Odpalaj Hity Bez Kosztów i Rejestracji! Gra Car Eats Car: Winter Adventure
6.840

Pora na przygodę: Billy wielki łowca

4.6/5(oceń: 10)📅2023 Jul 02
Pora na przygodę: Billy wielki łowca

Ej, gotowi na niezły ubaw i totalne zanurzenie się w świecie, gdzie wszystko jest trochę... no, powiedzmy, pokręcone? Mówimy o Pora na przygodę: Billy wielki łowca – grze akcji z przygodowym zacięciem, która wrzuca nas w wir szalonych przygód Finn’a i Jake’a prosto z kultowego serialu Adventure Time. Tak, dokładnie, to ta bajka, gdzie wszystko jest kolorowe, dziwaczne, a potwory i giganci to raczej norma niż wyjątek!

Wszystko zaczyna się w magicznej Kraina Ooo, gdzie gigant – nie, nie ten z rodzinnych imprez, co zawsze dokłada do pieca – ale naprawdę przerażający olbrzym, postanawia zafundować wszystkim niezły chaos. Nasz bohater Finn, dzielny jak pies na tropie, wyrusza na poszukiwania legendarnego Billy’ego, czyli faceta, który ma patent na gigantów. Tylko że Billy gdzieś się zawieruszył (pewnie poszedł na piwo i zapomniał o gigantach), więc Finn i jego kumplu Jake muszą wziąć sprawy w swoje ręce. Trzymając się za miecz i... no, za co tam się trzyma, żeby nie wypaść z tej szalonej przygody.

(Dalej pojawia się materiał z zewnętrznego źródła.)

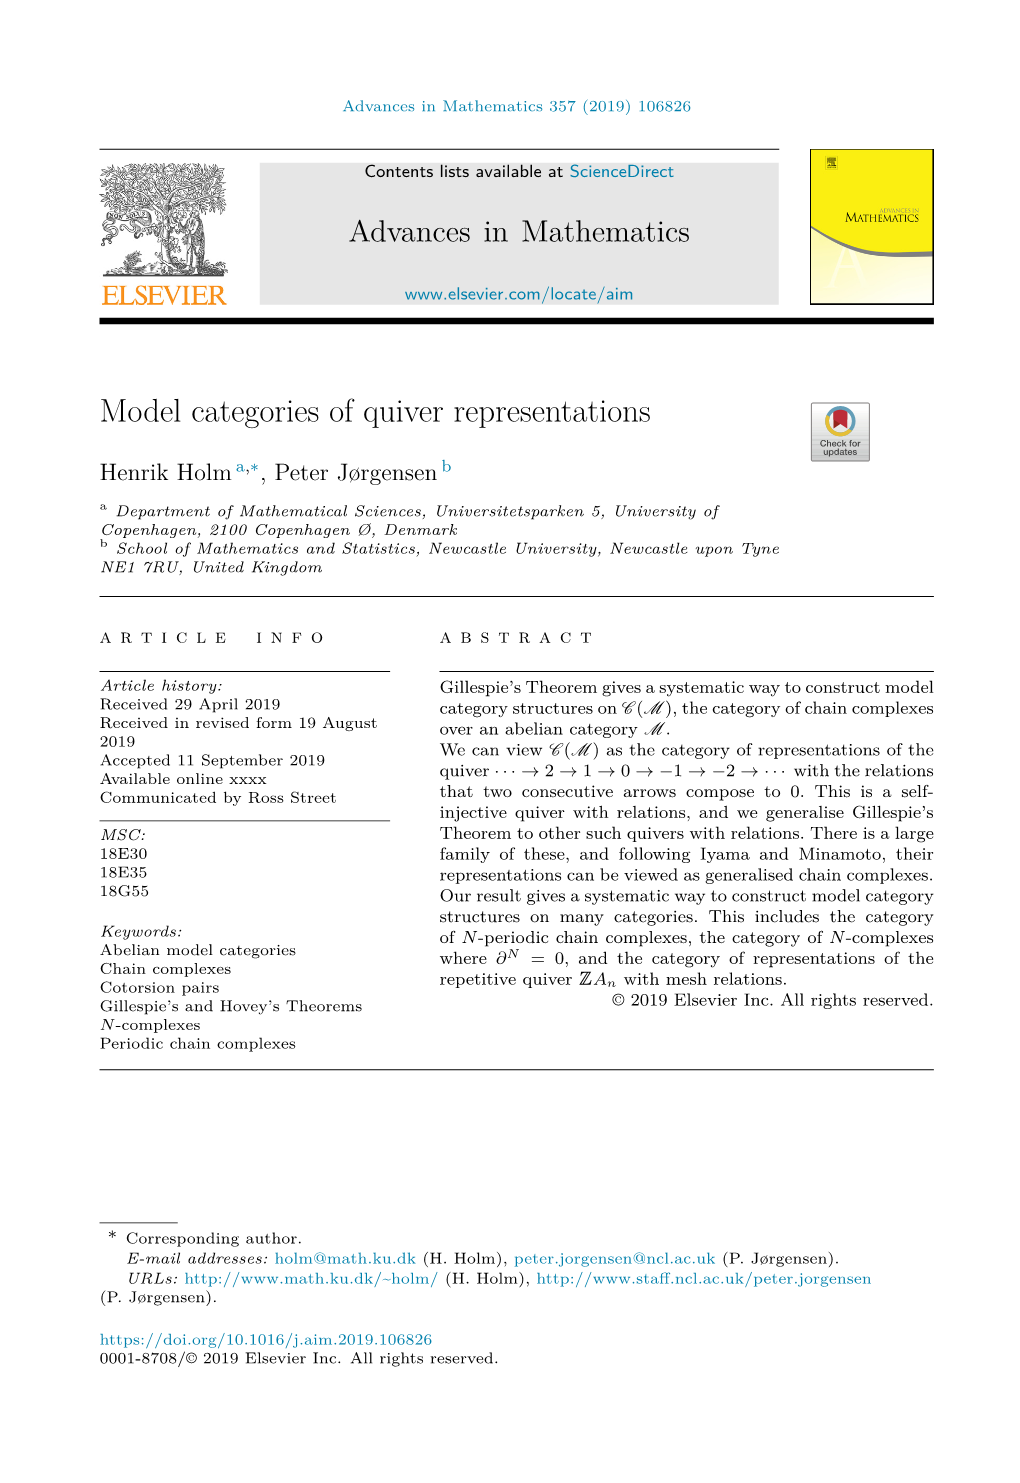 Model Categories of Quiver Representations

Co tu dużo mówić – cel gry to pokonanie giganta, który robi bardziej bajzel niż moja szafa po weekendzie. A żeby to zrobić, musisz przeskakiwać, wbijać miecze w potwory, rozwiązywać zagadki i zbierać fajne bonusy, które sprawią, że Finn będzie silniejszy niż po solidnej dawce pizzy na imprezie. W międzyczasie spotkasz mnóstwo postaci z serialu, które wprowadzą trochę humoru, bo serio, bez nich byłoby jak bez memów – trochę smutno.

Sterowanie? Proste jak bułka z masłem! Wskakujesz na strzałki lub pada i już możesz łapać się tych wszystkich szalonych wyzwań. Atakujesz, skaczesz, gadajesz z postaciami i ogólnie bawisz się na całego. Nawet jeśli nie jesteś mistrzem gier, to Adventure Time: Billy the Giant Hunter pozwoli ci się poczuć jak prawdziwy bohater. A jak coś nie wyjdzie? No cóż, winę wrzuć na tego nieszczęsnego giganta – on jest od psucia zabawy!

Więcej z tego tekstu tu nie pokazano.